狼系王子とナイショの社内恋愛
「自分がいい加減だったから、相手もそういうヤツを選んで、そうすればお互い様な気持ちでいたんです。
向こうが見た目だとかそういう上辺の俺しか求めてないのも分かってたし。
だからって傷つけていい言い訳にはなりませんけど、それで相殺した気分でいました」
こんな風に結城さんが自分の事を話してくれるのは、初めてな気がした。
以前、大学の頃の話を聞いた時は私から聞き出したようなものだったから、自分からっていうのは初めてだ。
なんで結城さんが急にこんな話をし出したのかは分からなかったけれど、静かに話す結城さんをじっと見つめる。
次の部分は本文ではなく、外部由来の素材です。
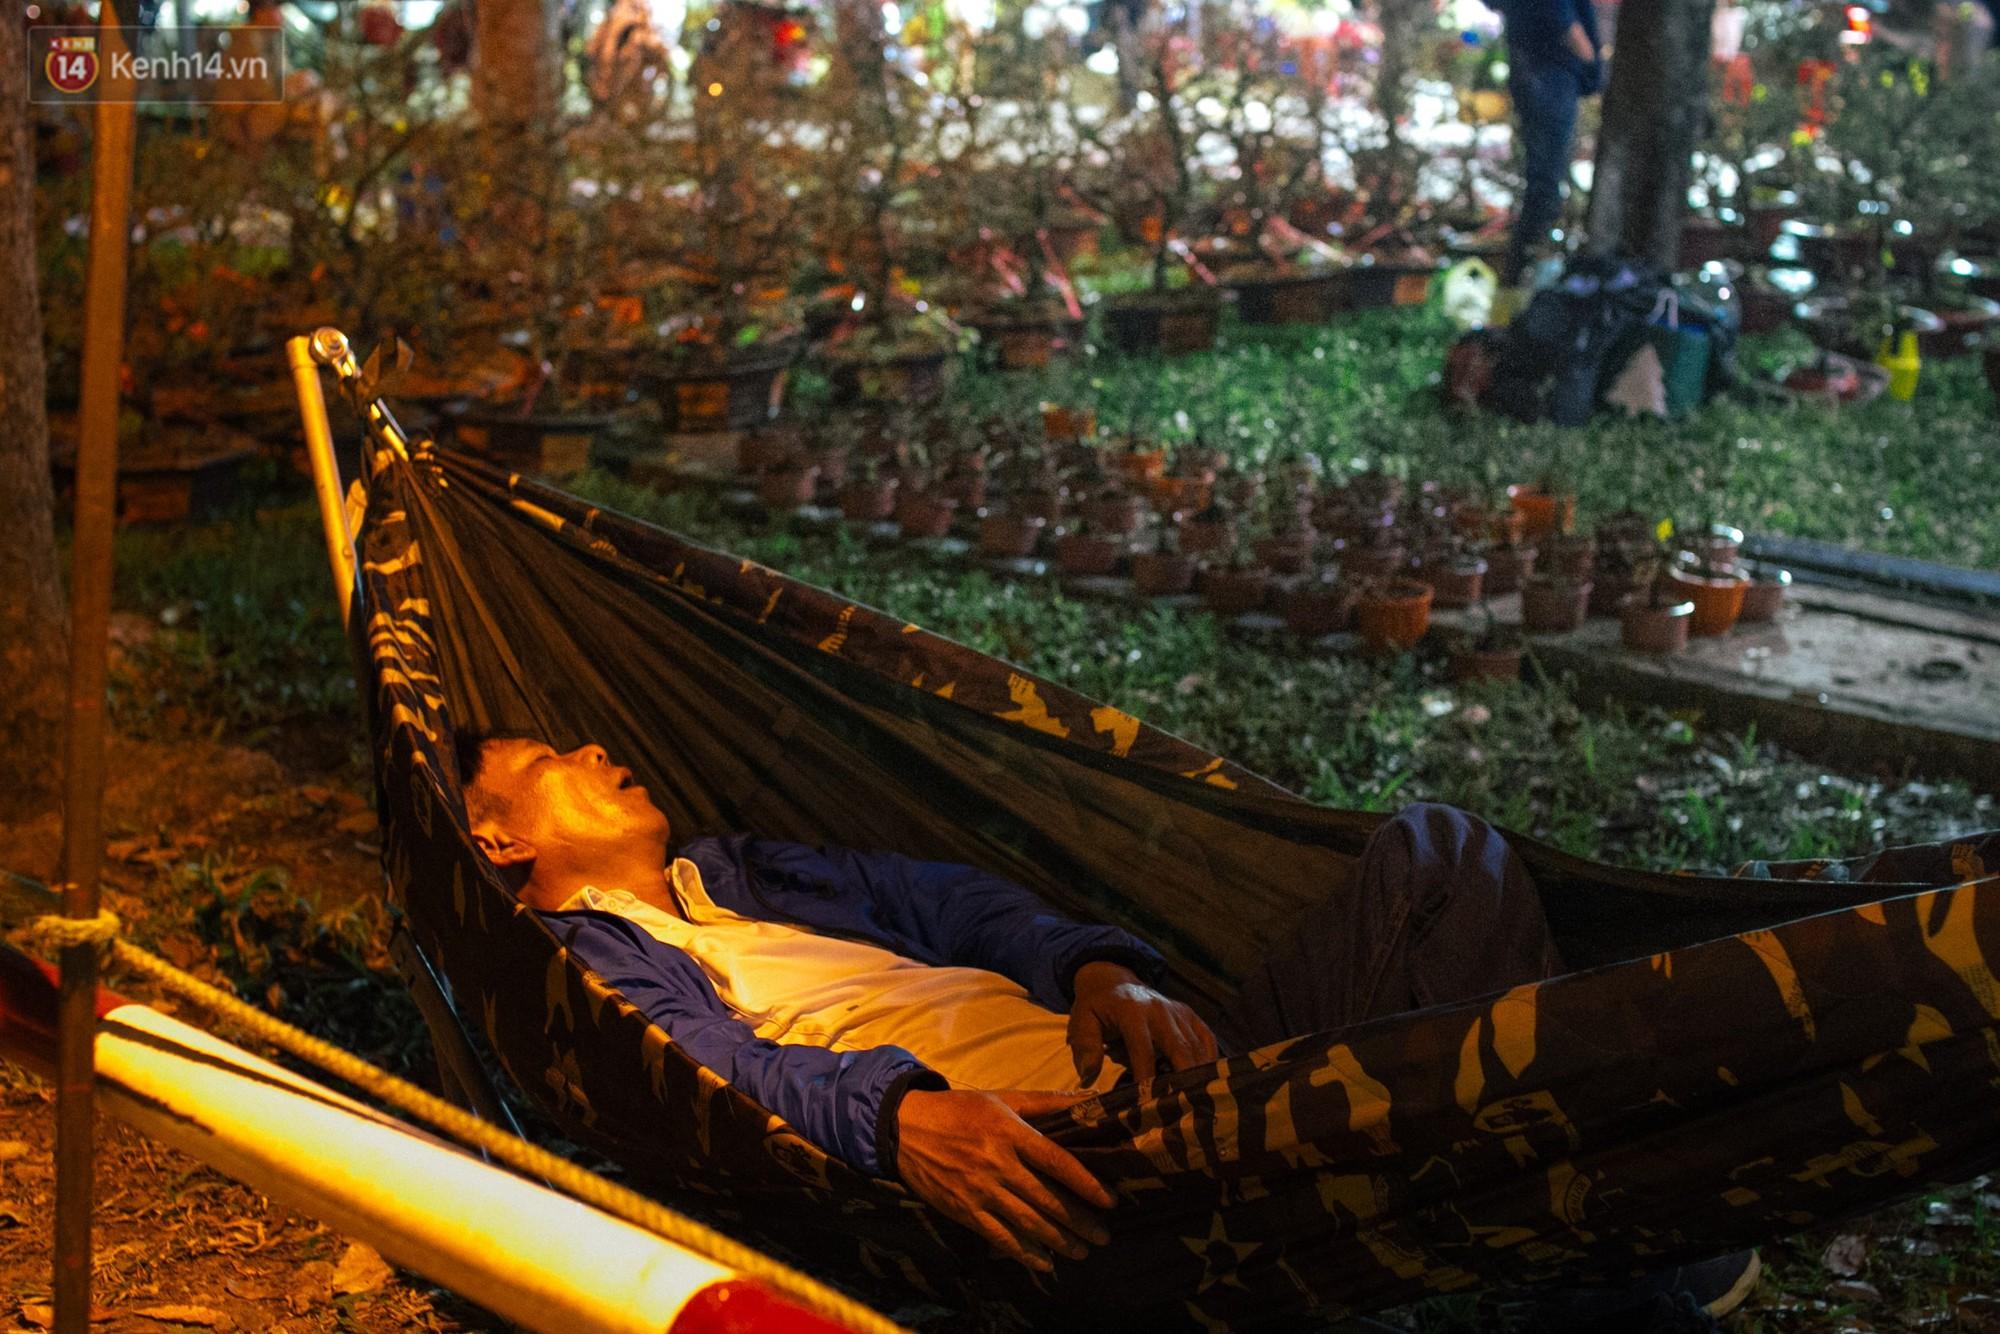 Chùm ảnh: Sợ mất trộm, nhiều gia đình tiểu thương dựng lều mắc võng, thay phiên nhau thức đêm để canh hoa Tết - Ảnh 14.

「だから、泣いてすがられても可哀想だとも思いませんでした。
なのに、佐々山課長との事で傷ついている高橋さんを見て、なぜか俺も苦しくなって。
自分で驚きました」
頭に浮かぶのは、結城さんの前で泣き出してしまった時の事だった。
確か会社帰り。
路上で泣き出した私を、結城さんは何も言わずに見ていたけれど、結城さんはあの時そんな事を思っていたんだ……。
てっきり、周りの目があるのに我慢できずに泣き出した私に引いているのかと思ってた。
いい大人が何泣き出してるんだって。